While their offense sputtered again, the Twins contended White Sox starter James Shields committed a balk by not coming to a complete stop in his motion in the fifth inning with Ehire Adrianza on first base. Glynn brought it up with third base umpire and crew chief Gerry Davis, who disagreed.

"I explained to him it was not a balk," Davis told a pool reporter. "He said it was a balk. I explained to him it was not a balk, told him I wasn't sure he knew the definition of what a balk was for a stop."

The debate continued in the sixth after Brian Dozier's single sent Eddie Rosario to third. While White Sox pitching coach Don Cooper visited Shields, Glynn brought up the play again and told Davis what he thought of the call.

"The next half-inning he came out, brought it up again," Davis said. "I told him that was enough. He continued, and I ejected him."

Glynn, who has been thrown out of games three times in his career, didn't like how Davis disagreed with him.

"It was simple," Glynn said. "I respect the umpires 100 percent, all the time. When I asked him about Shields not stopping, he had come back with, I thought, an insulting, sarcastic line to me."

Play resumed, and Shields attempted to pick Rosario off third by faking a throw to first before throwing to third. But home plate umpire Pat Horberg called a balk on Shields, and Rosario scored what was, for a time, the Twins' first run of the game.

Not so fast. White Sox manager Rick Renteria approached the umpires and asked them to reconsider the decision. After huddling behind the pitcher's mound, they ruled Shields took his foot off the rubber in time — and did not commit a balk.

That set off Molitor, who rushed back onto the field, engaged Horberg and was tossed a few seconds later. Afterward, he thought there were too many suspicious things about the move to change the decision.

"I wasn't particularly happy to hear that they all said that they saw that he had properly disengaged with the rubber," Molitor said, "because I don't believe that they did."

And the Twins players, following two eruptions from their bosses, responded — with more futile offense. The Twins have scored only one run over their past 13 innings — and didn't score until the ninth inning Wednesday on Adrianza's RBI single. The loss dropped them 8 1/2 games behind Cleveland in the AL Central.

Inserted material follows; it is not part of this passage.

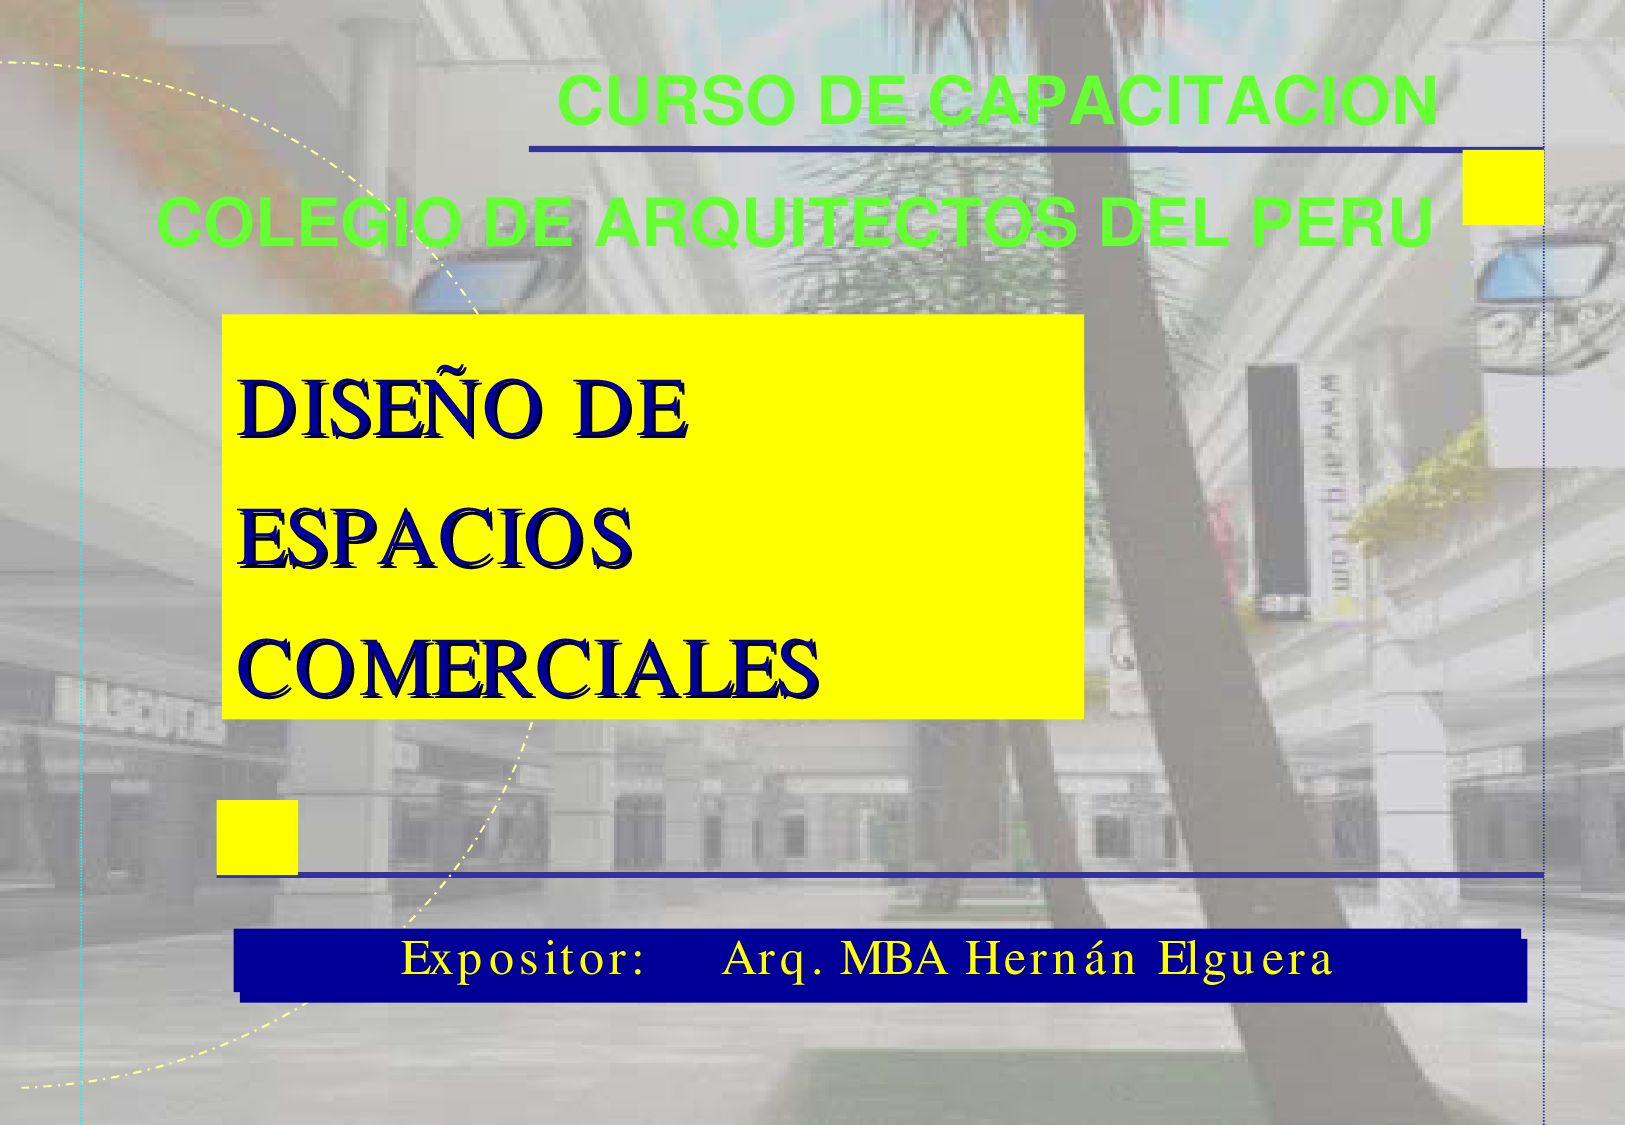 dise o de espacios comerciales 12 by gonzalo chong issuu
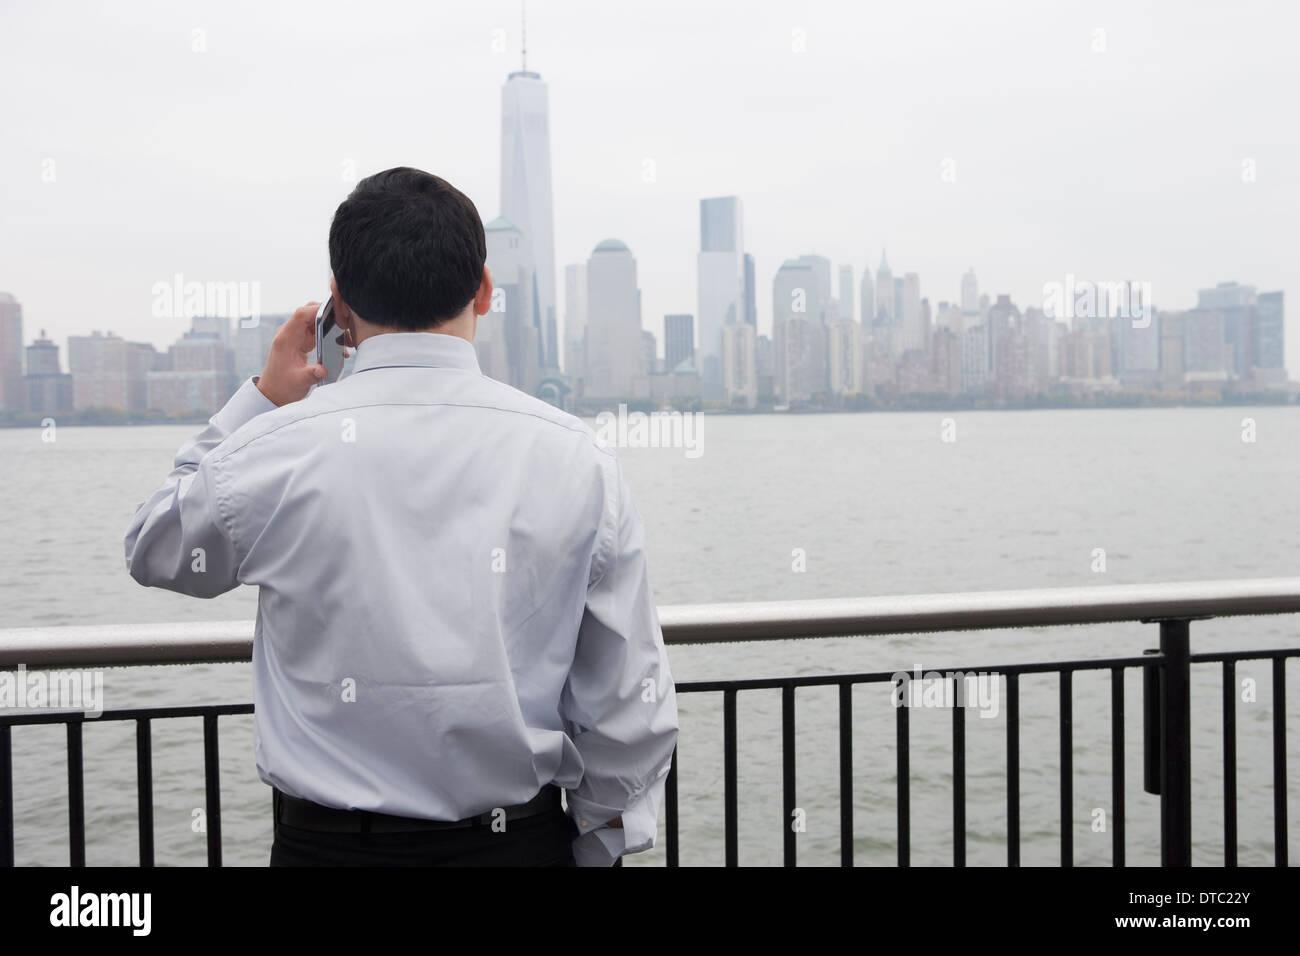 Businessman using cellular phone, Hoboken, New Jersey, USA Banque D'Images

Video (00:56) Twins righthander Kyle Gibson started out well but faltered during the middle innings in a loss to Chicago

Twins righthander Kyle Gibson entered Wednesday with a 3.25 ERA but hunting for only his third victory of the season. He shut down the White Sox for three innings, but Chicago scored three in the fourth on an RBI double by Leury Garcia, an RBI single by Tim Anderson and a run-scoring groundout by Omar Narvaez. Jose Abreu homered in the fifth, then Charlie Tilson's RBI single in the sixth made it 5-0. Avisail Garcia homered in the eighth off Ryan Pressly for Chicago's final run.

"Yeah, part of the game that I saw," Molitor said, "we didn't do particularly well."